**Work to complete**.
The following data is to be repeated exactly, its pictures excluded.

**Provided data**.
========

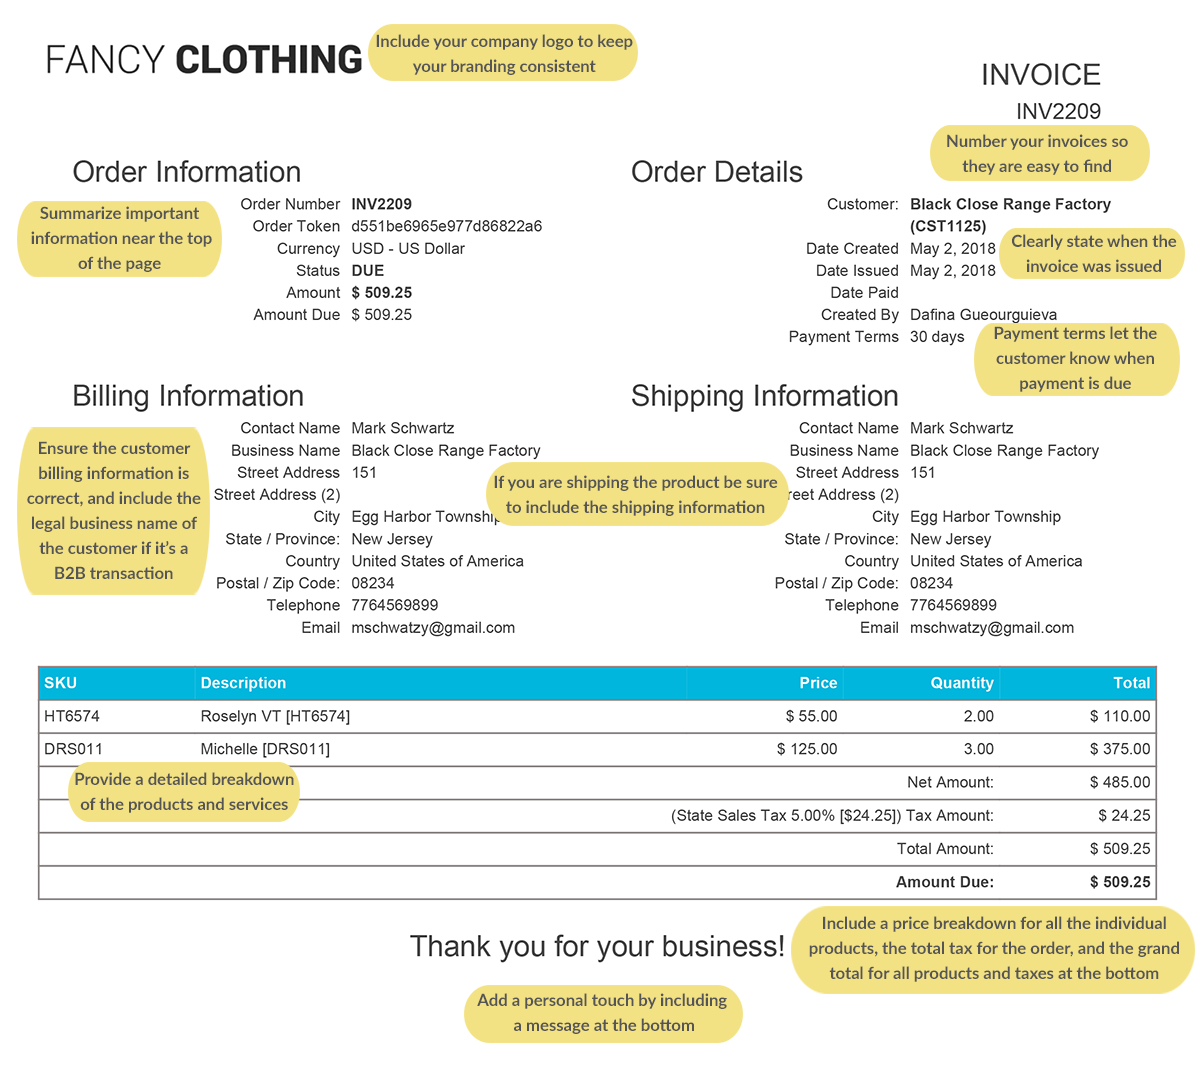 an invoice template for fancy clothing
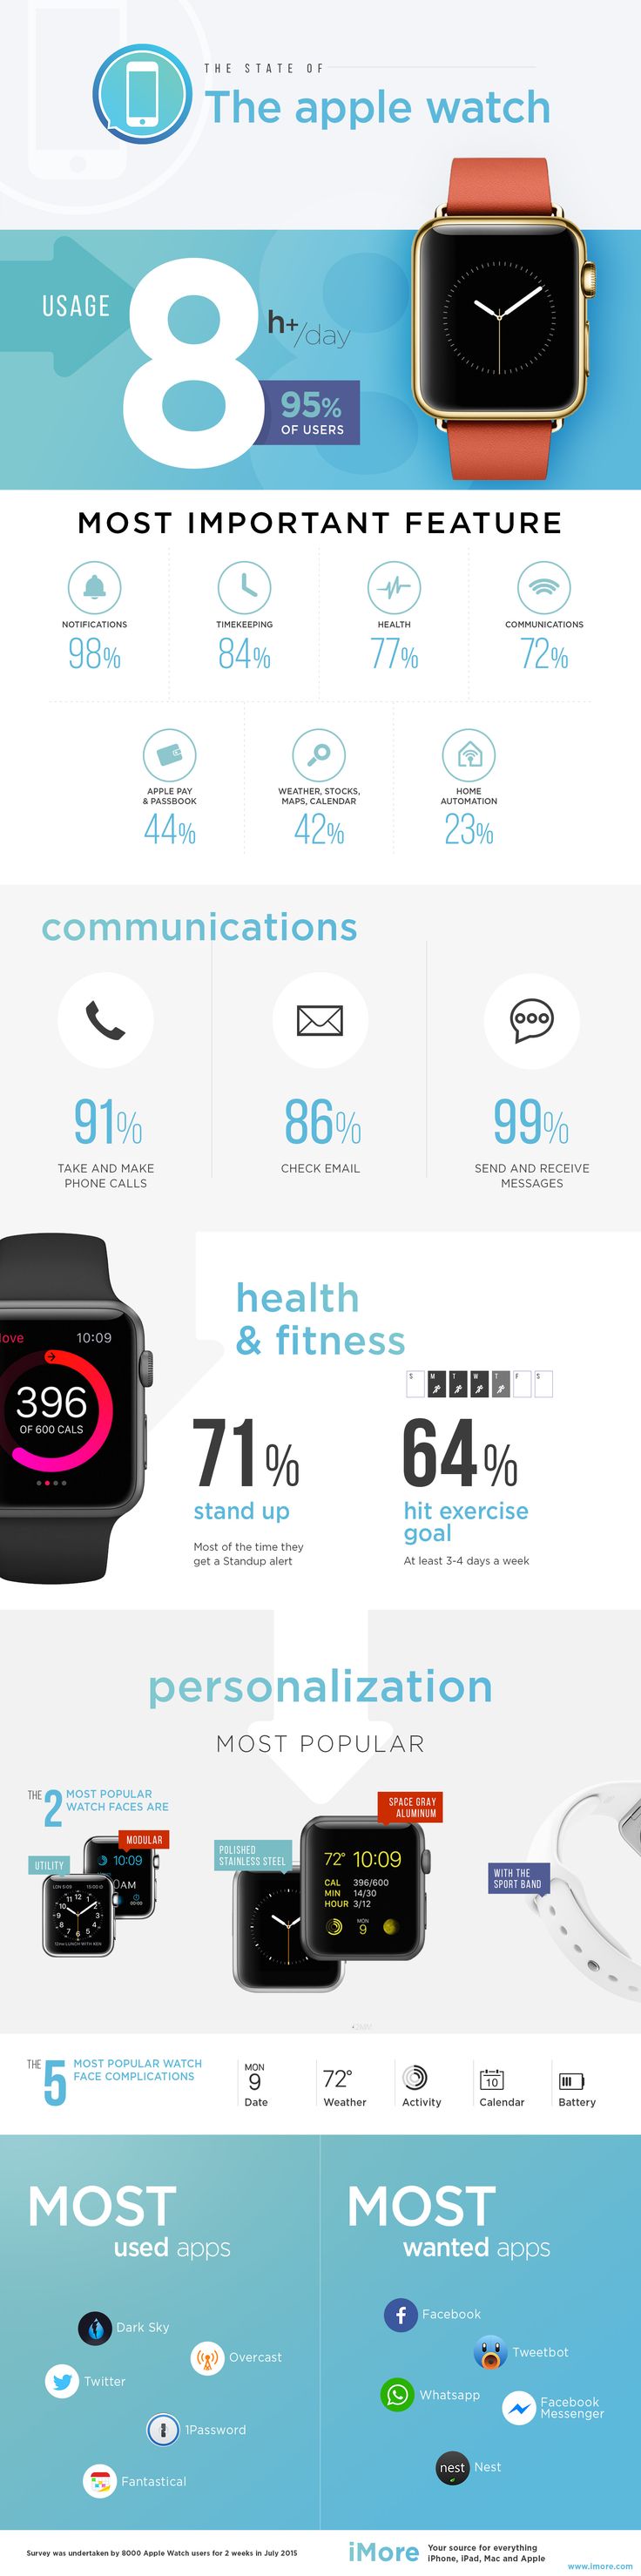 iMore survey shows ultra-high levels of Apple Watch usage | iMore
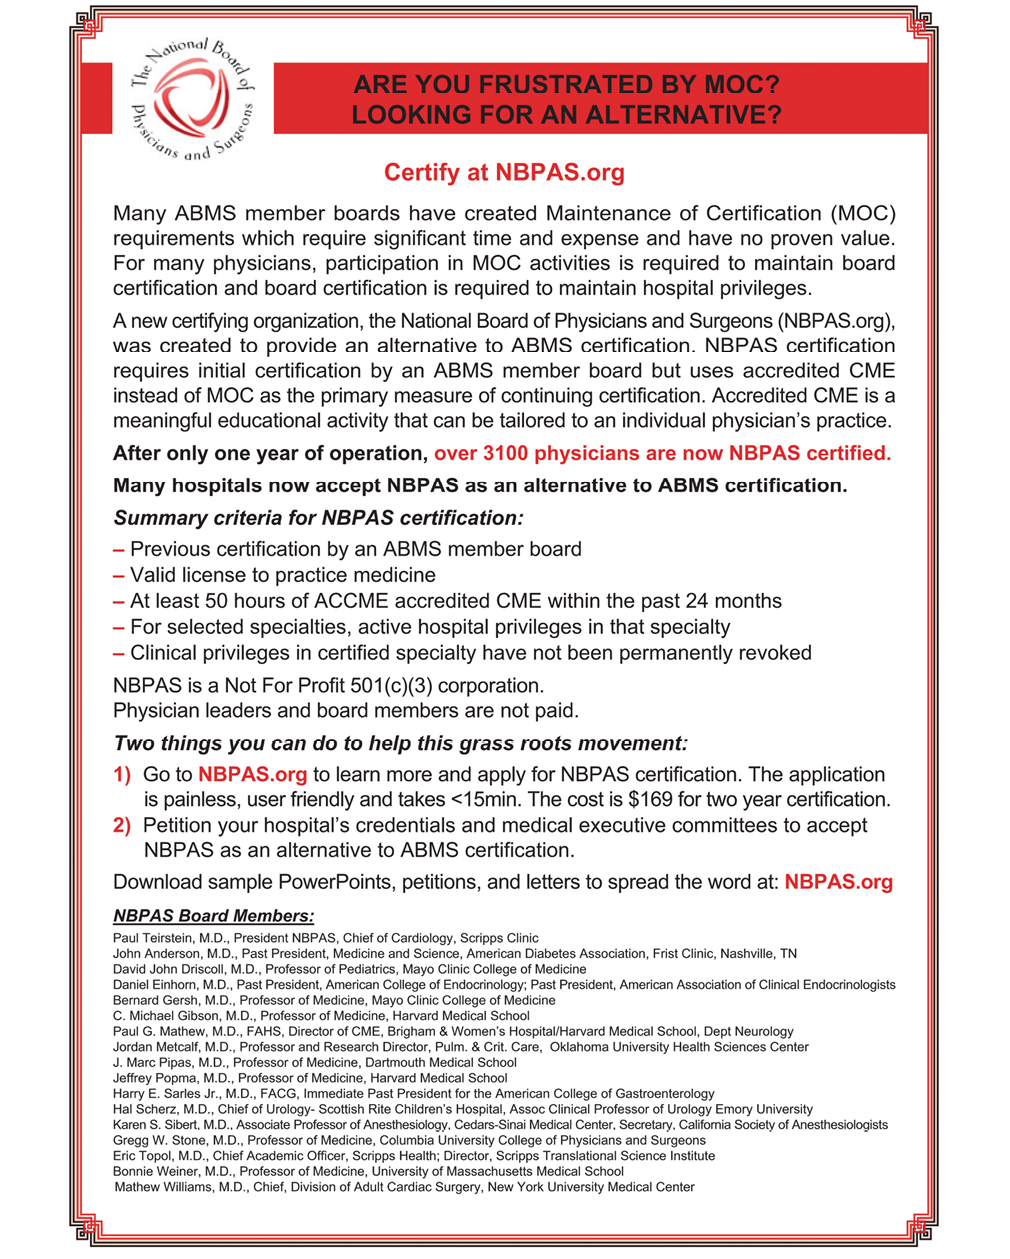 An Alternative Pathway to the ABPN Maintenance of Certification
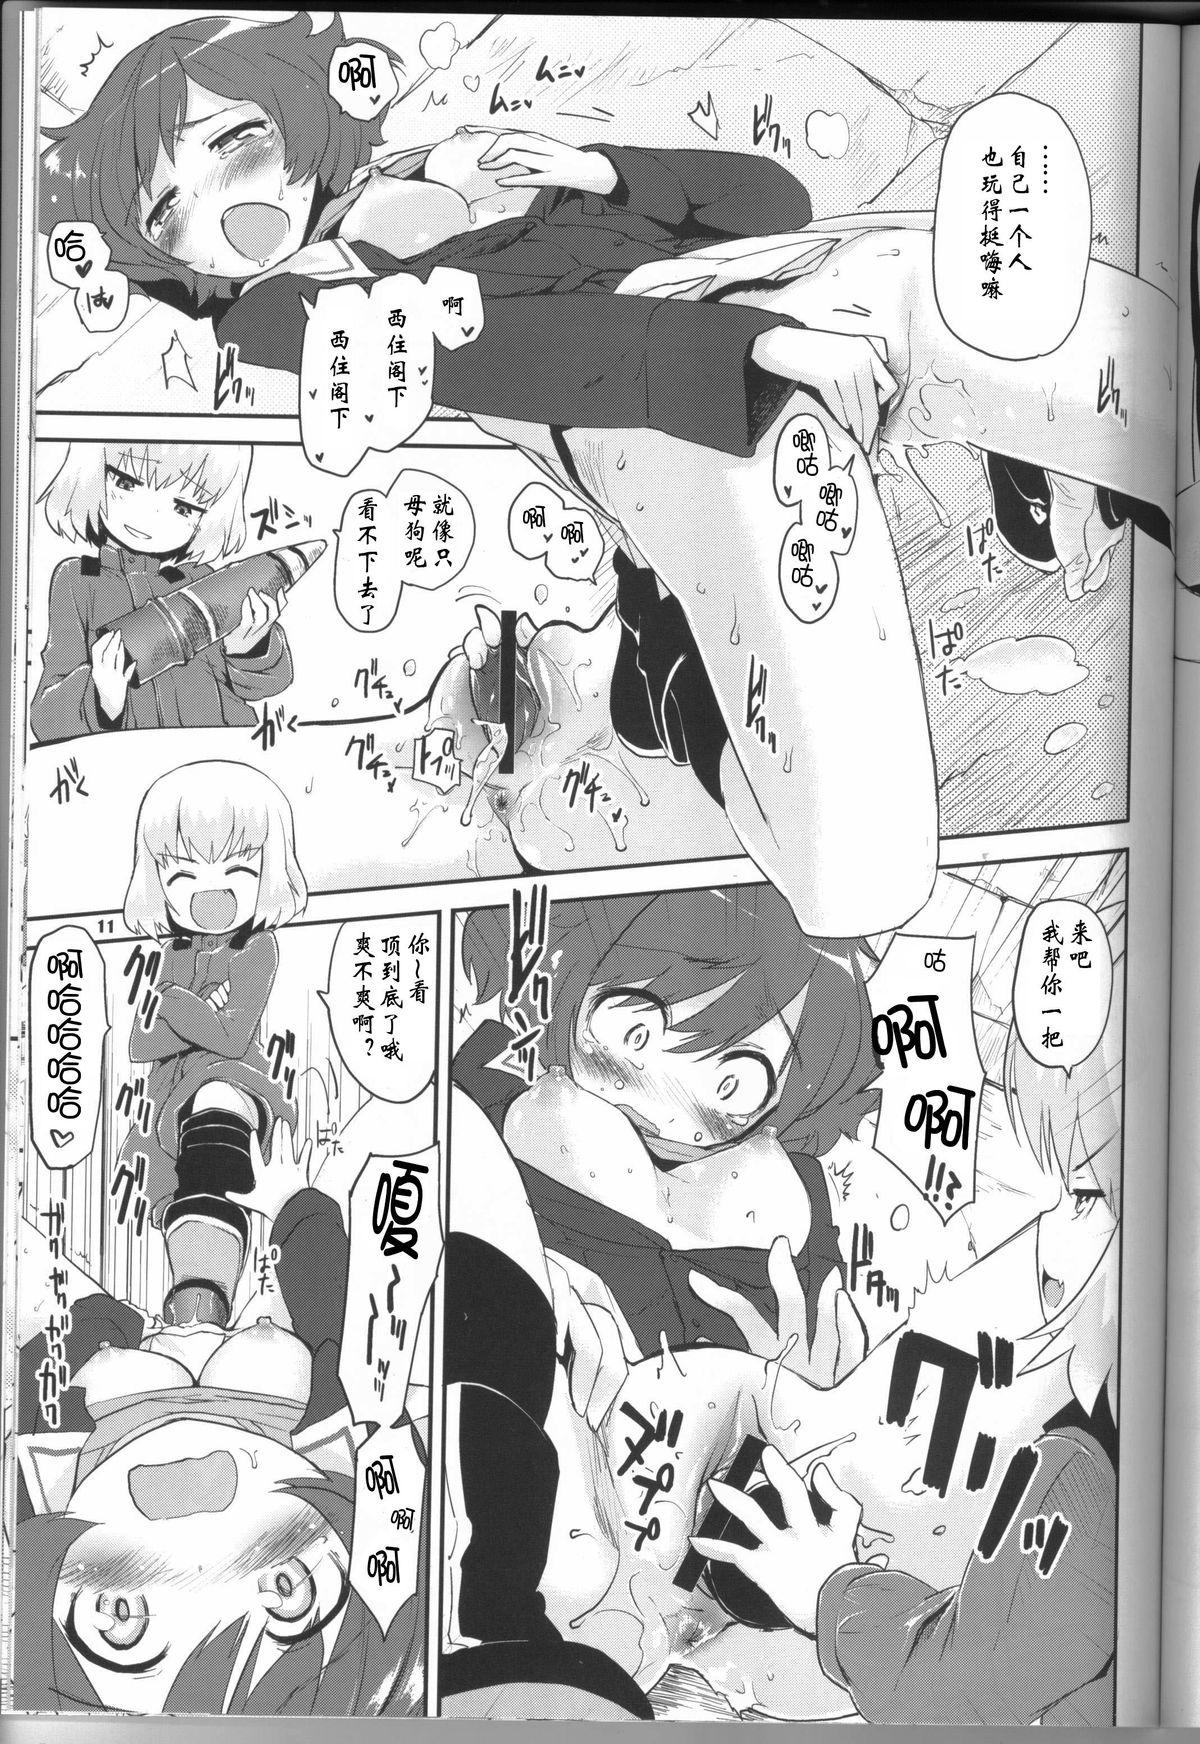 Licking The General Frost Has Come! - Girls und panzer Milk - Page 10

========

**Solution**.
 an invoice template for fancy clothing
 iMore survey shows ultra-high levels of Apple Watch usage | iMore
 An Alternative Pathway to the ABPN Maintenance of Certification
 Licking The General Frost Has Come! - Girls und panzer Milk - Page 10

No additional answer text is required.